Dataset records

=== Begin Enclosure ===

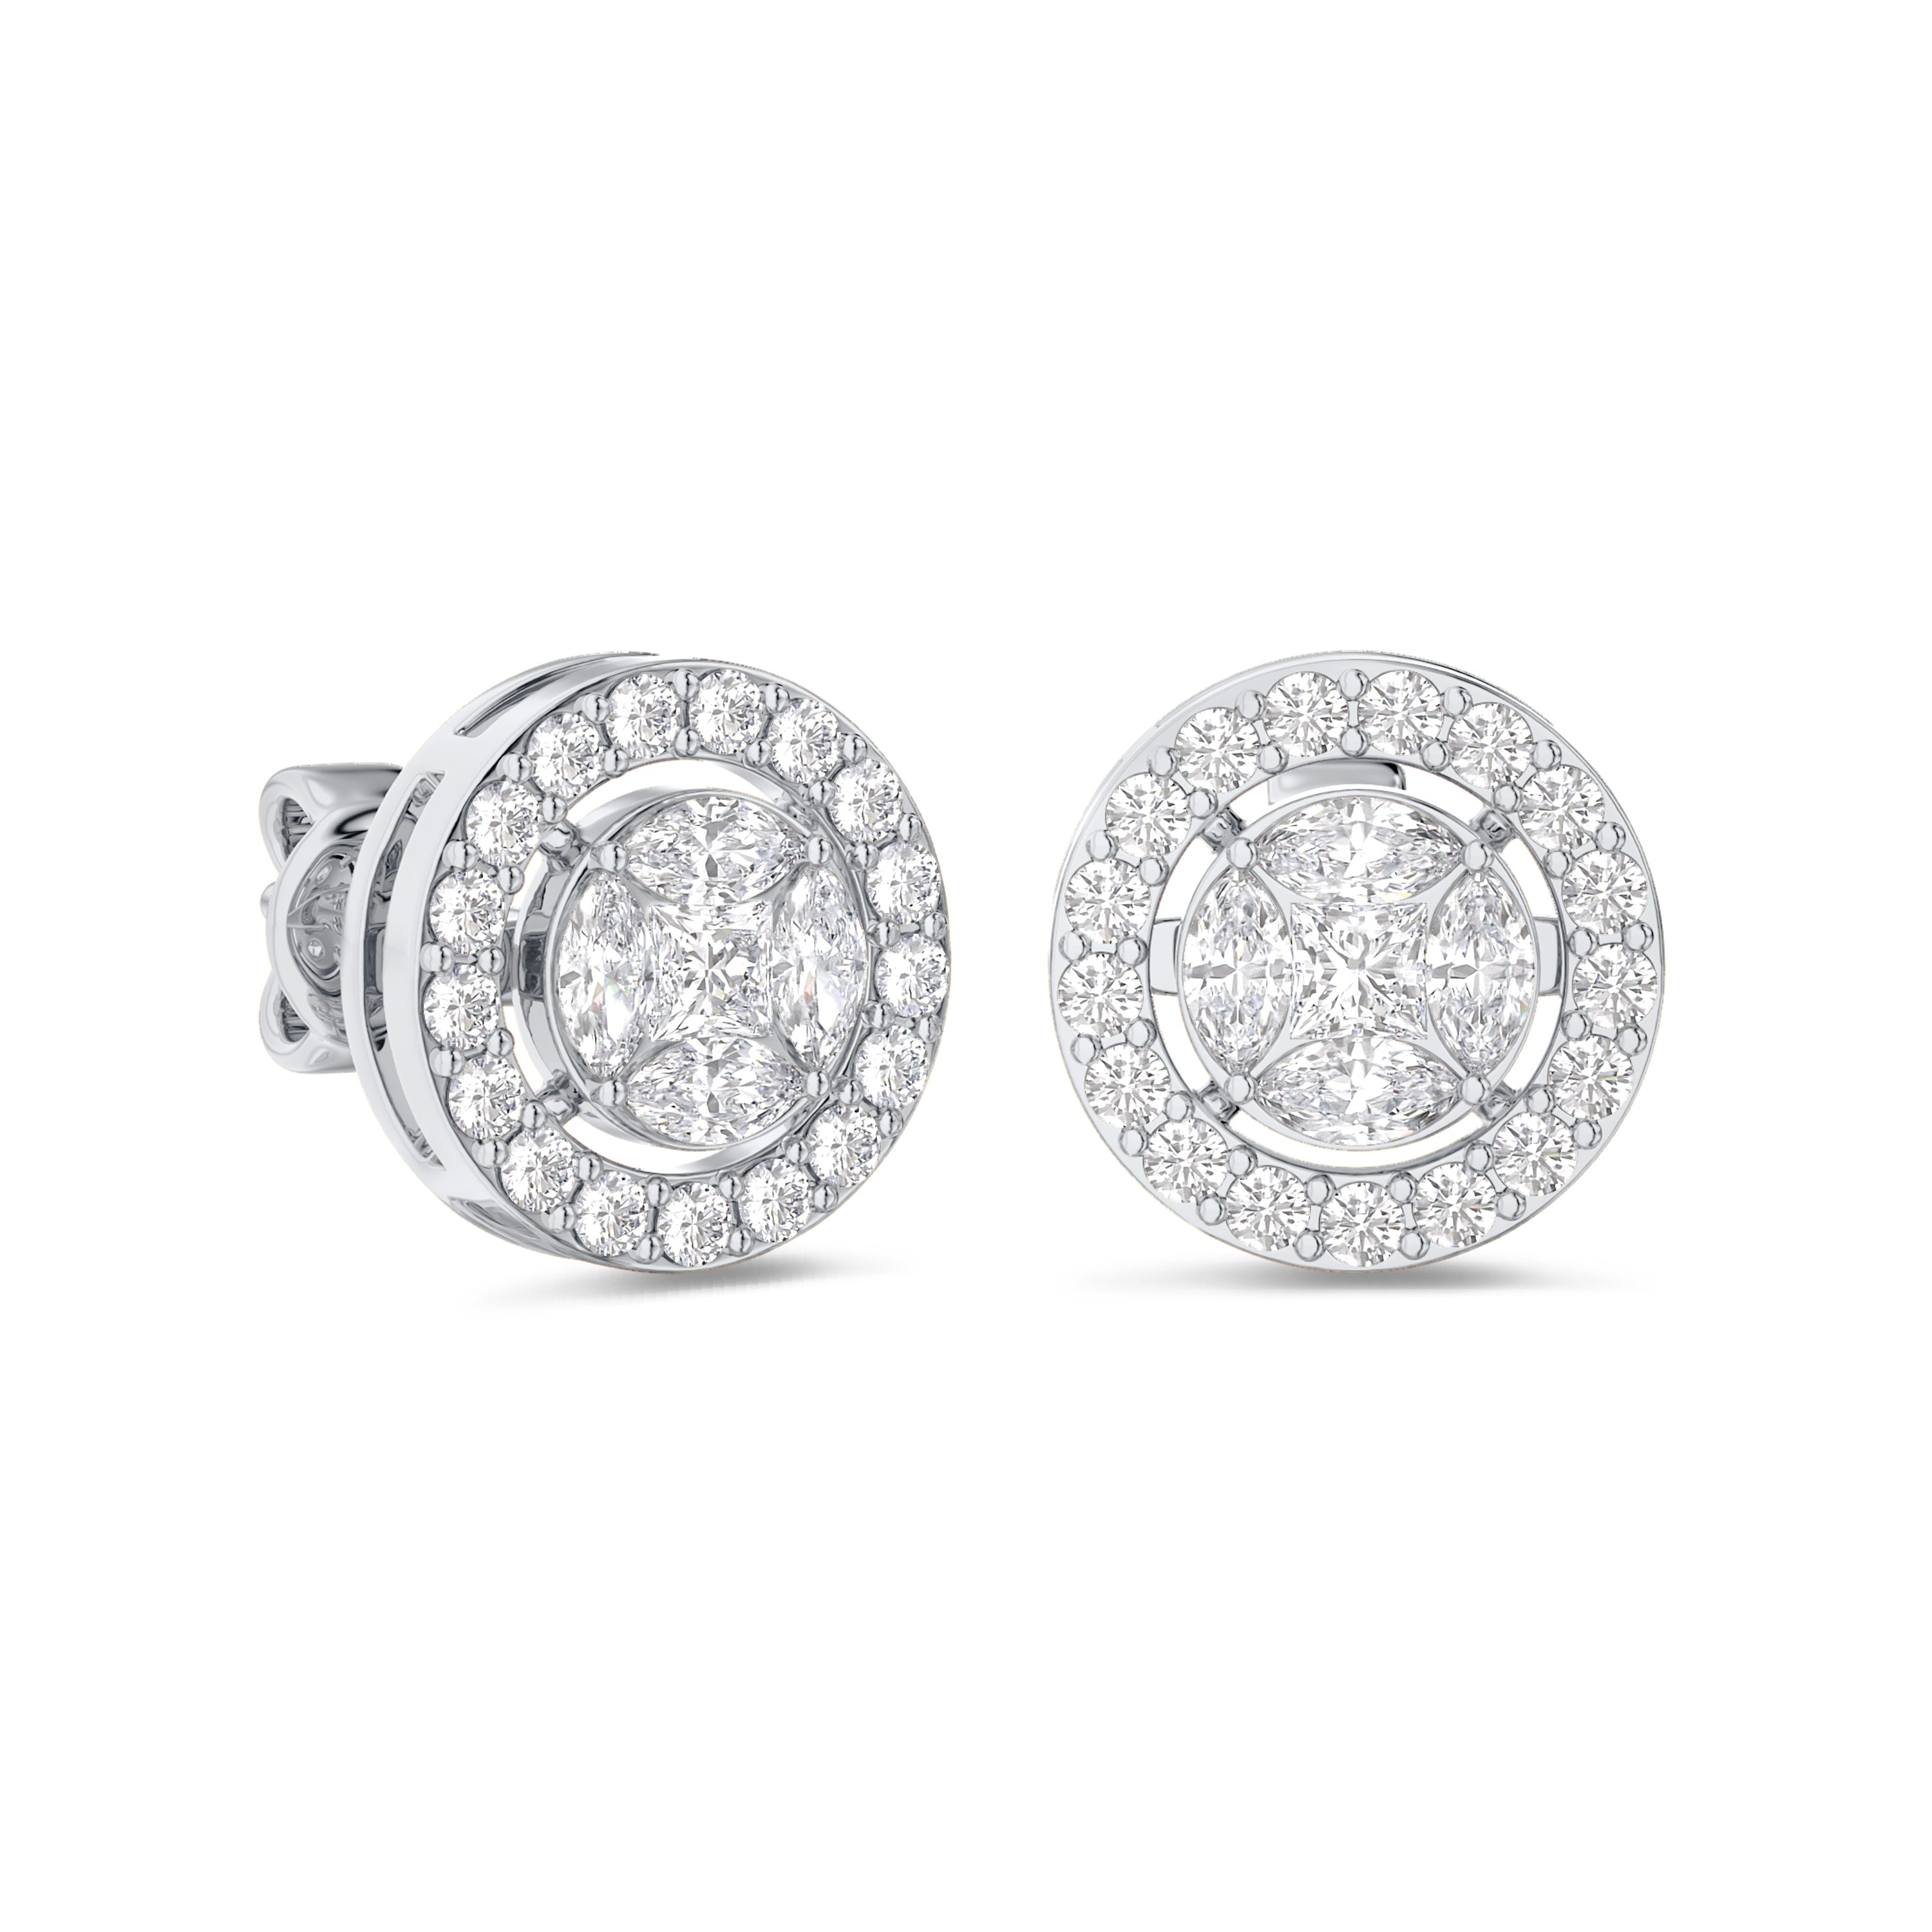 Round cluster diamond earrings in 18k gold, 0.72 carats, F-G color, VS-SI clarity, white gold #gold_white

=== End Enclosure ===
=== Begin Enclosure ===

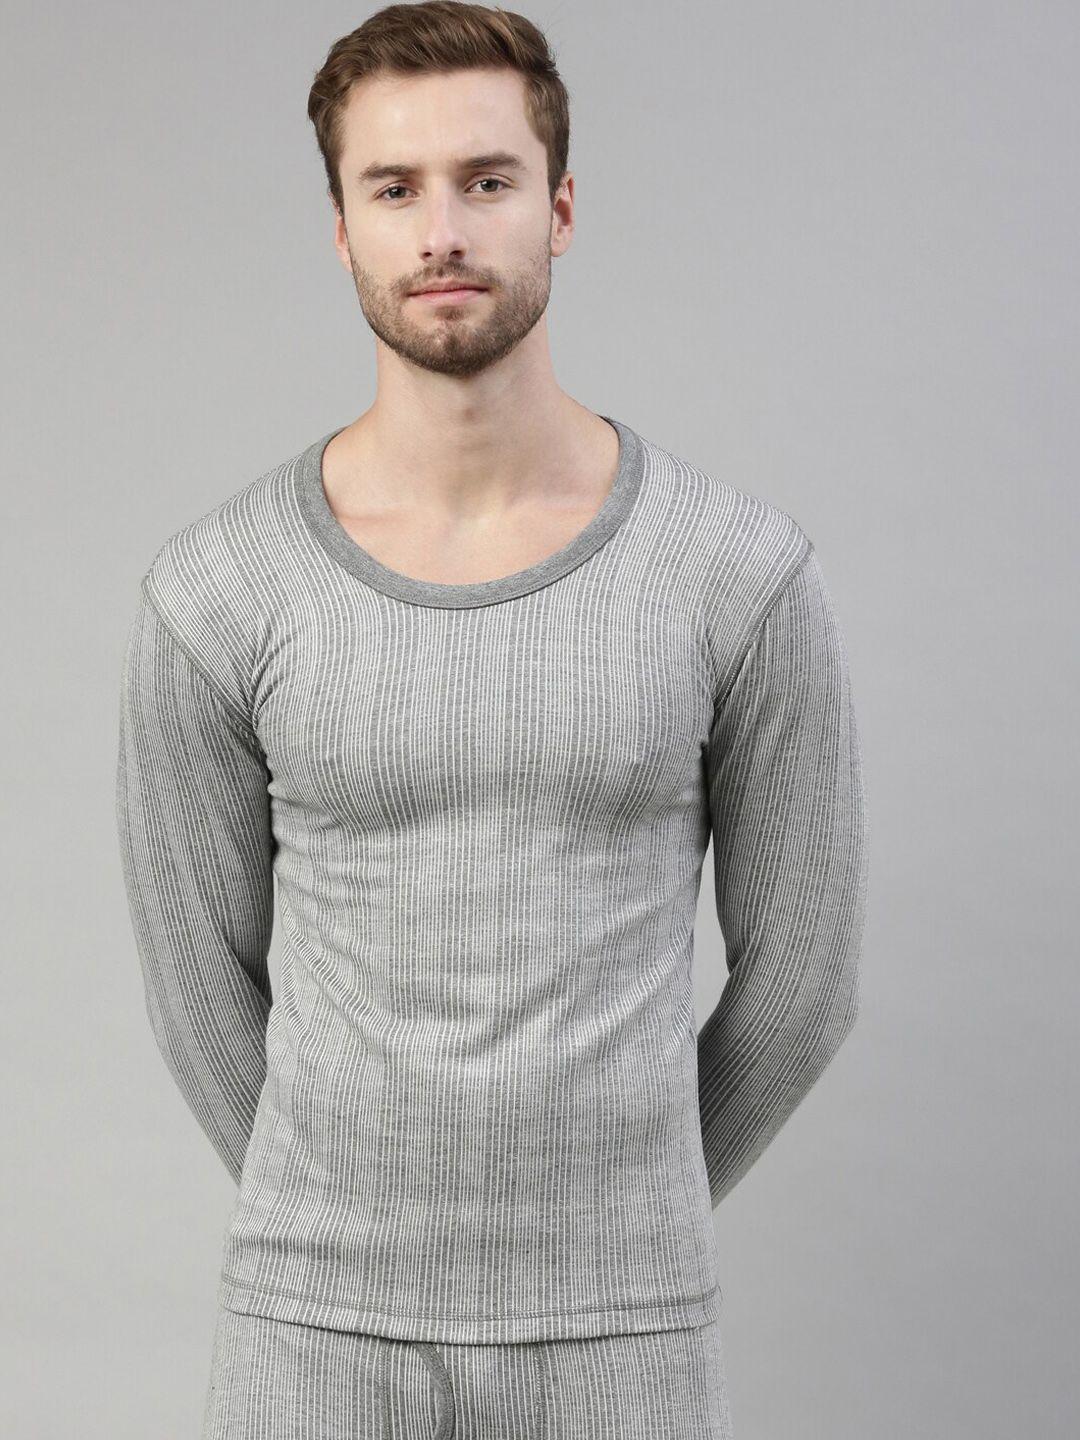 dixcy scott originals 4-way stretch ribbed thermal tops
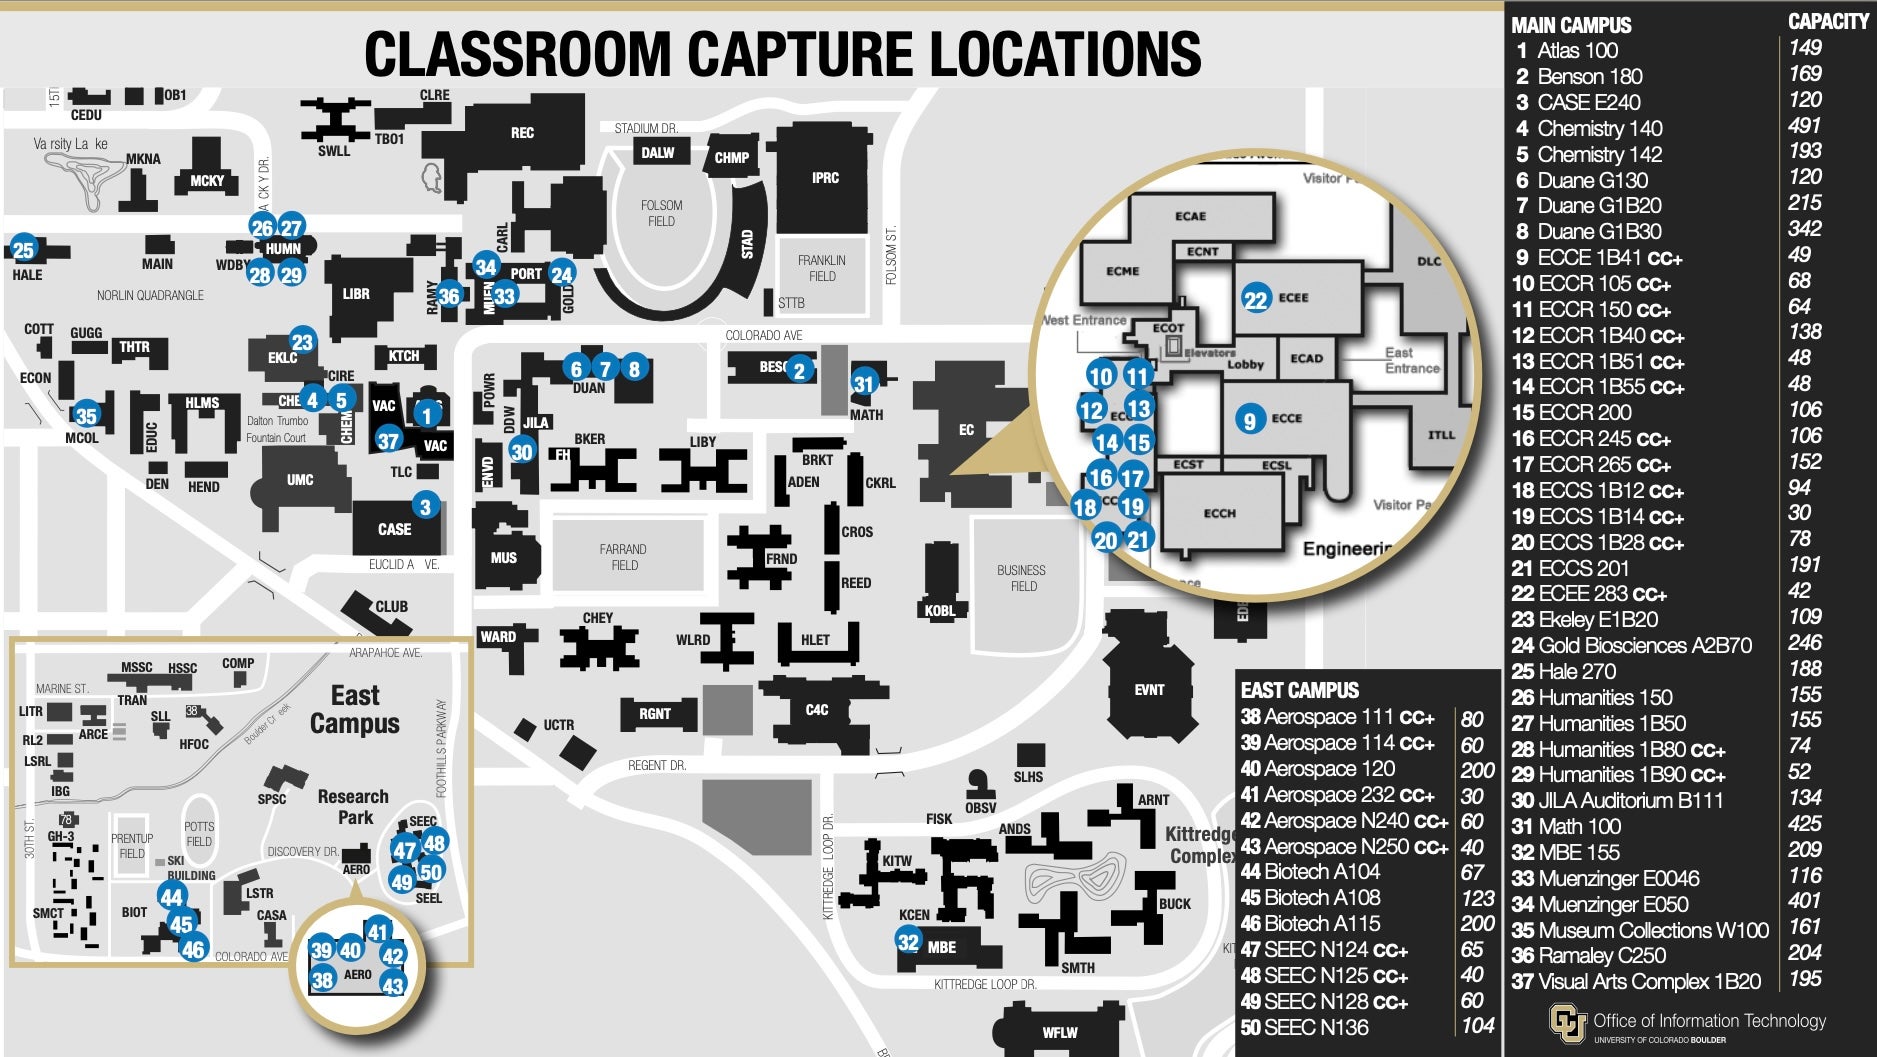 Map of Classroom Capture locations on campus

=== End Enclosure ===
=== Begin Enclosure ===

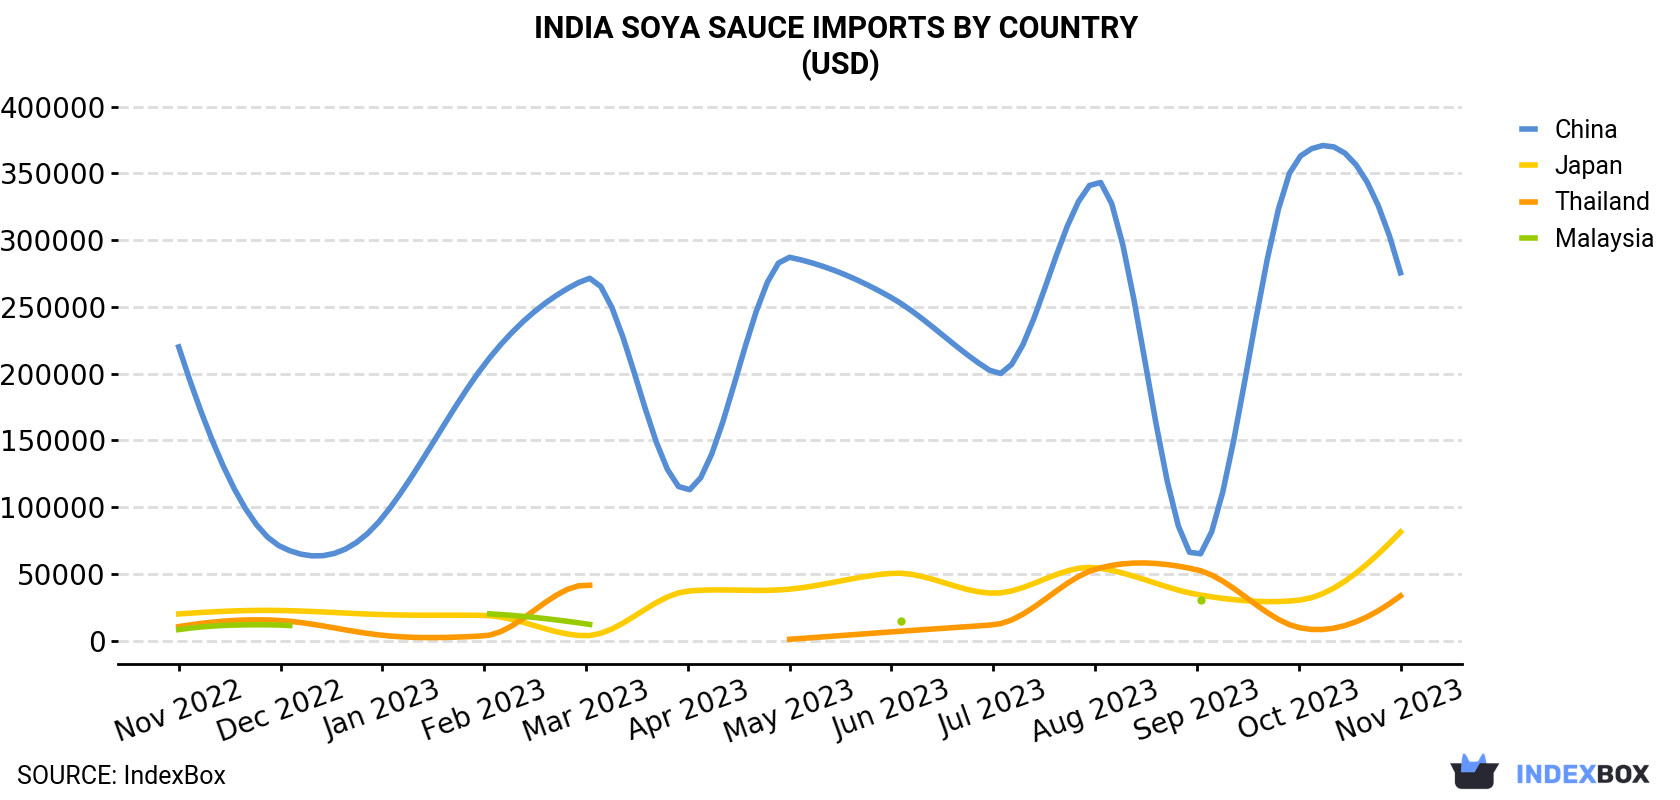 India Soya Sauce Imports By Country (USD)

=== End Enclosure ===

What is expected
Using the listing above, restate exactly the range between the lines holding "dixcy scott originals" and "Map of Classroom Capture locations on campus", inclusive, with pictures left out.

Result of the exercise
 dixcy scott originals 4-way stretch ribbed thermal tops
 Map of Classroom Capture locations on campus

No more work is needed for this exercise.